信用评分是一种使用最广泛的信用风险分析工具。信用评分的目的是排名借款人的信用。在零售信贷(信用卡、抵押贷款、汽车贷款、等等),使用信用计分卡执行信用评分。客户的信用计分卡代表不同的特征(年龄、居住状况、当前时间地址,时间在目前的工作,等等)翻译成点和点的总数成为信用评分。总结了客户的信用信用评分;高分通常对应于低风险客户,反之。分数也用于企业信贷分析中小企业,大企业。
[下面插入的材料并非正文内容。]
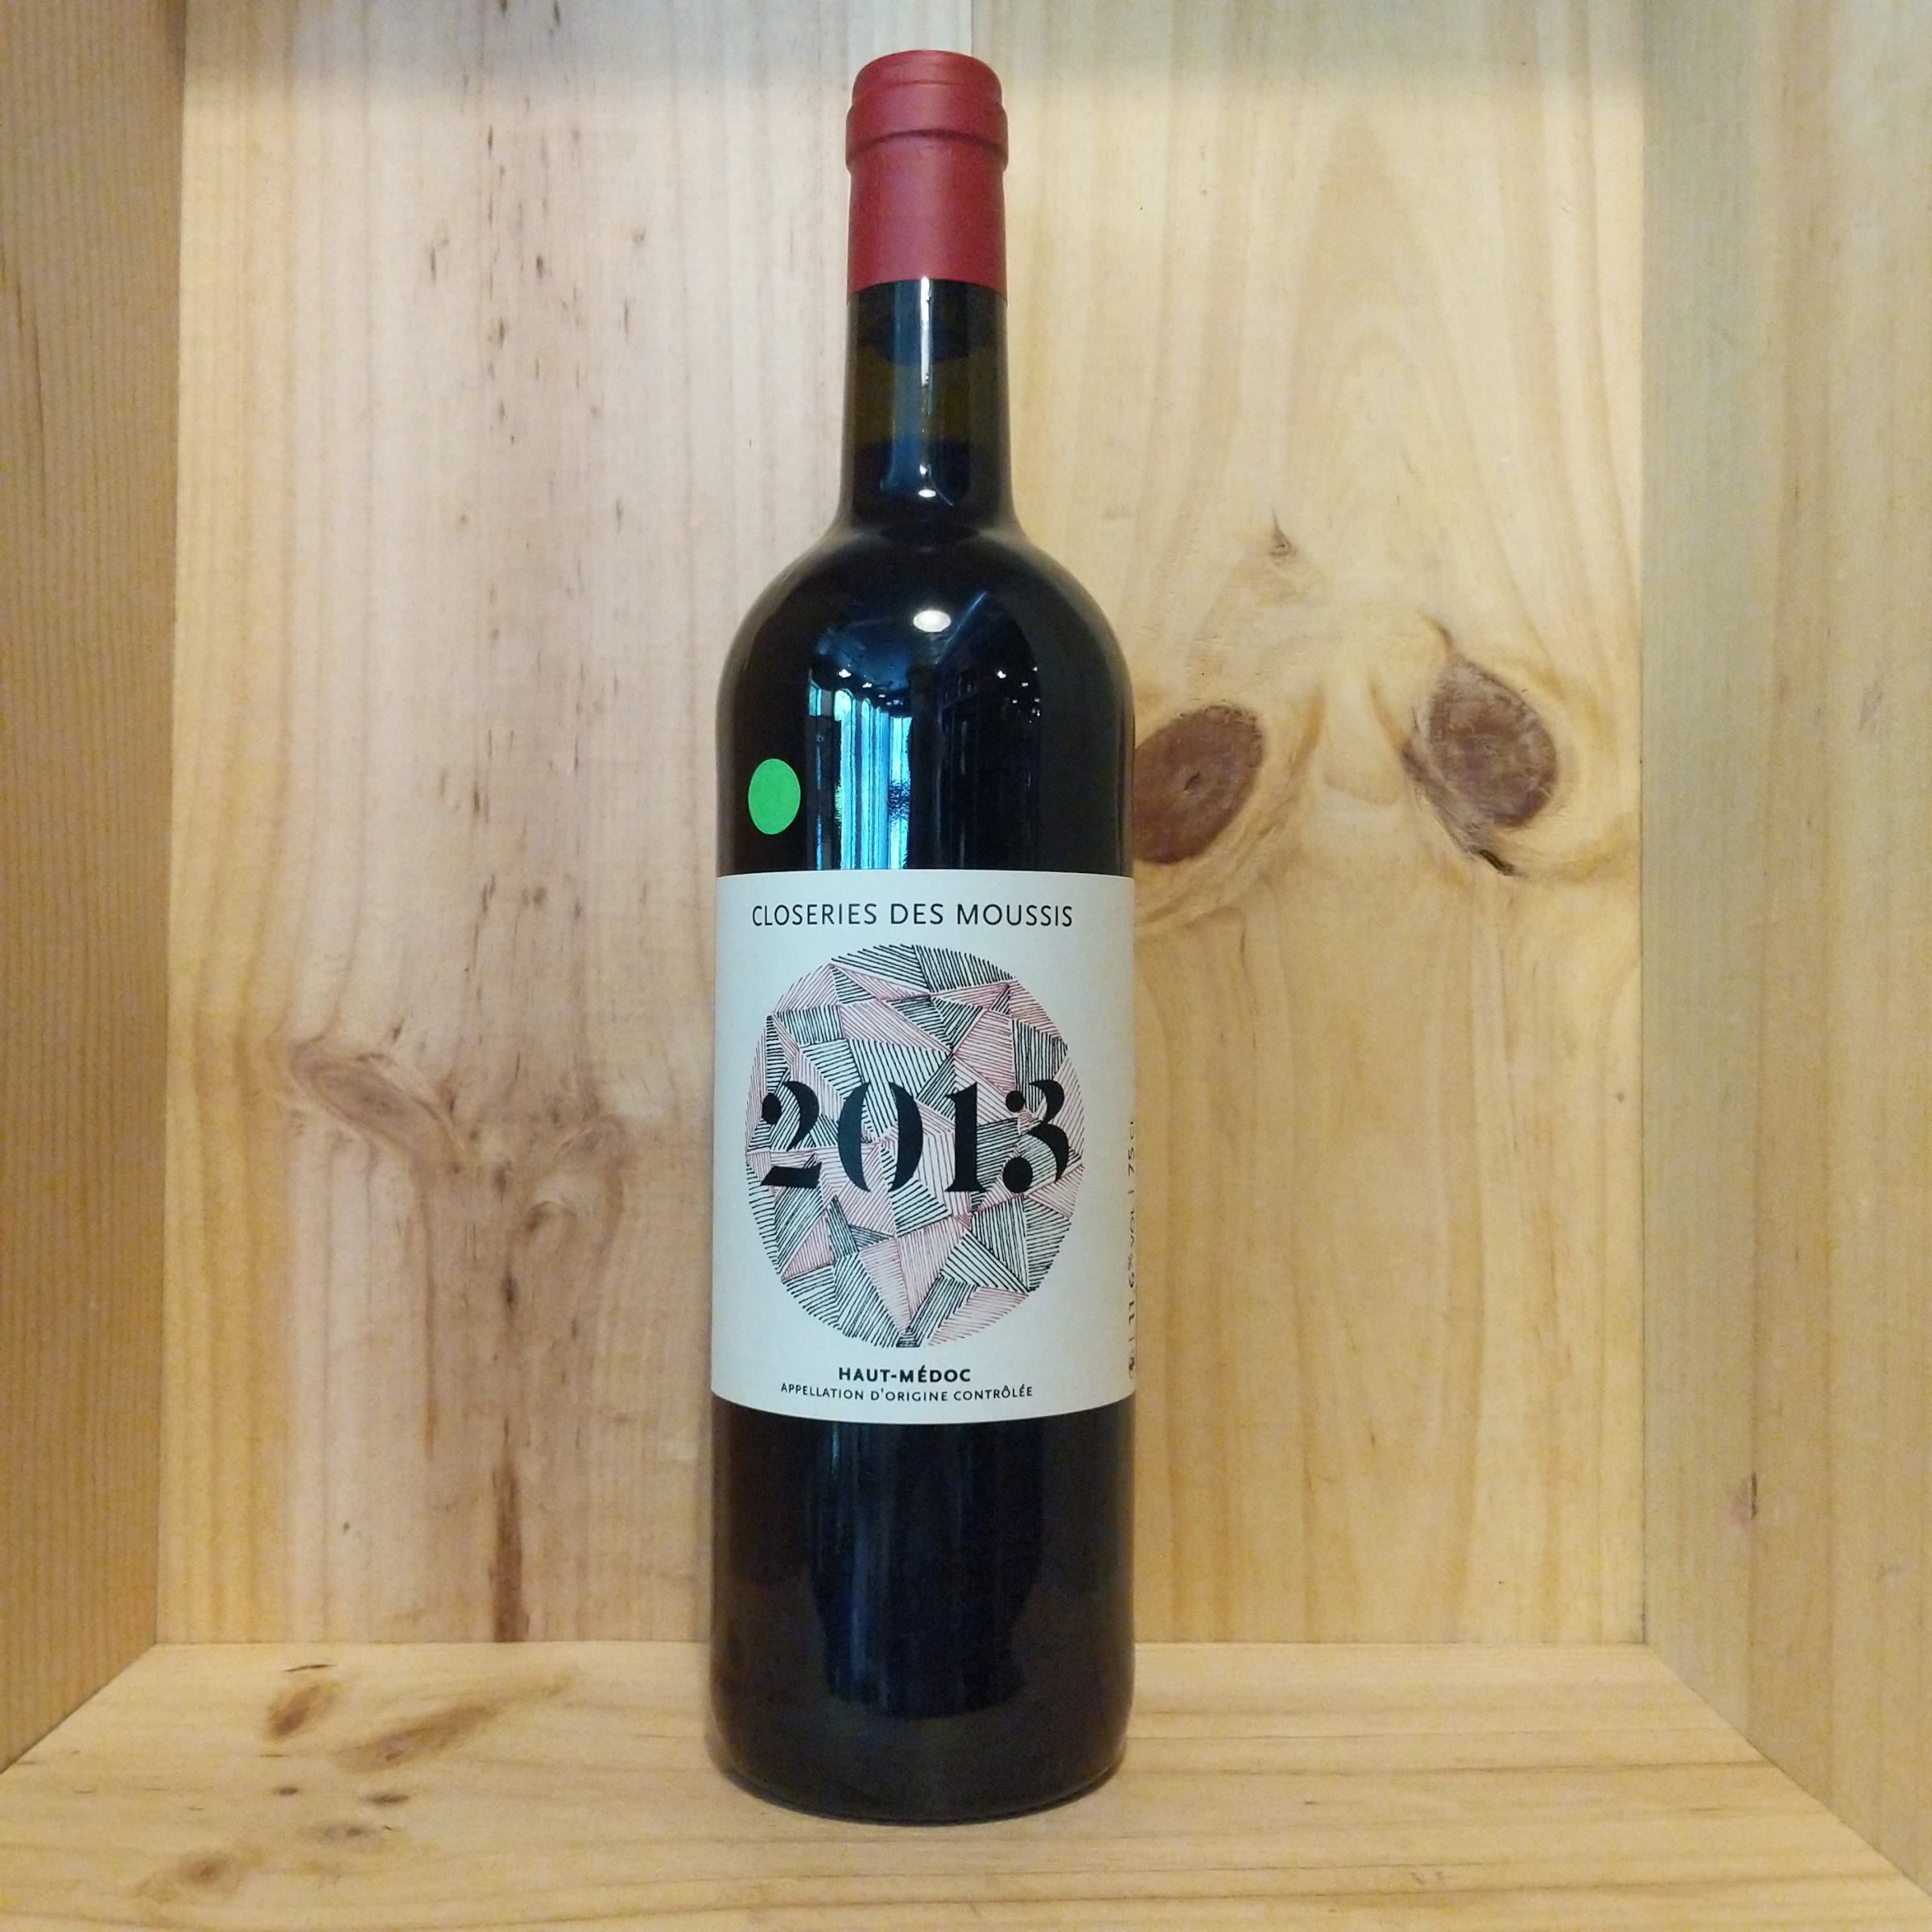 Wine Red - Closeries des Moussis, Haut-Medoc 2013 - Bordeaux, France

信用计分卡是一个查找表,将特定的借款人特征映射到分。点的总数成为信用评分。信用计分卡是一种广泛使用的信用评分模型。因此,信用计分卡的目的是区分客户偿还贷款(“好”客户),和顾客不会(“坏”客户)。像其他信用评分模型、信用计分卡量化的风险借款人不能偿还贷款的形式得分和违约概率。

例如,个别借款人信用计分卡可以给点他们的年龄和收入根据下表。其他特征,如住宅状况、就业状况、也可能包括在内,尽管如此,为了简便起见,他们不是这个表所示。

信用计分卡点预测的年龄和收入

使用信用计分卡在这个例子中,特定的顾客是31日,每年52000美元的收入,是放在第二个年龄组(26-40)和接收25分的年龄,同样的,为他们的收入得到28分。其他特征(这里没有显示)可能造成额外的得分点。总得分的总和,这在本例中为给客户共计238分(这是一个虚构的例子在任意评分量表)。

信用计分卡点为某一特定客户的年龄和收入预测

从技术上讲,确定信用计分卡点,开始通过选择一组潜在的预测(第1列在接下来的图)。然后,本数据组(例如,年龄25,25 - 40的(图中第2列)。这个分组有助于区分“好”和“坏”的客户。重量的证据(悲哀)是一种方法来衡量如何分布的“好”和“坏”是分开的箱子或组为每个预测(图中第三列)。通过拟合逻辑回归模型,可以确定预测,当放在一起,把工作做得更好区分“好”和“坏”的客户。模型总结的系数(列4图)。最后,悲哀的和模型系数(通常扩展、转移和圆)的计分卡点(列5图中)。

年龄和收入预测因子表示为悲哀和模型系数

信用计分卡开发过程

  1. 数据收集和准备阶段

    这包括数据采集和集成,如查询、合并、调整。它还包括治疗信息缺失和离群值。有一个预先筛分步骤根据协会的报告预测和响应变量之间的措施。最后,还有一个抽样步骤中,产生一个训练集,有时被称为建模视图,通常一套验证。训练集,在一个表的形式,是所需的数据输入creditscorecard对象,该训练集表创建一个之前必须做好准备creditscorecard对象建模阶段。

  2. 建模阶段

    使用creditscorecard对象和关联对象函数来开发信用计分卡模型。可以本数据,应用证据的重量(悲哀)变换,和其他计算统计数据,如信息的价值。你也可以逻辑回归模型和审查结果计分卡点和格式的缩放和舍入。使用细节creditscorecard对象,看到creditscorecard

  3. 部署阶段

    部署需要将信用计分卡模型集成到一个生产环境中,保持跟踪日志,性能报告,等等。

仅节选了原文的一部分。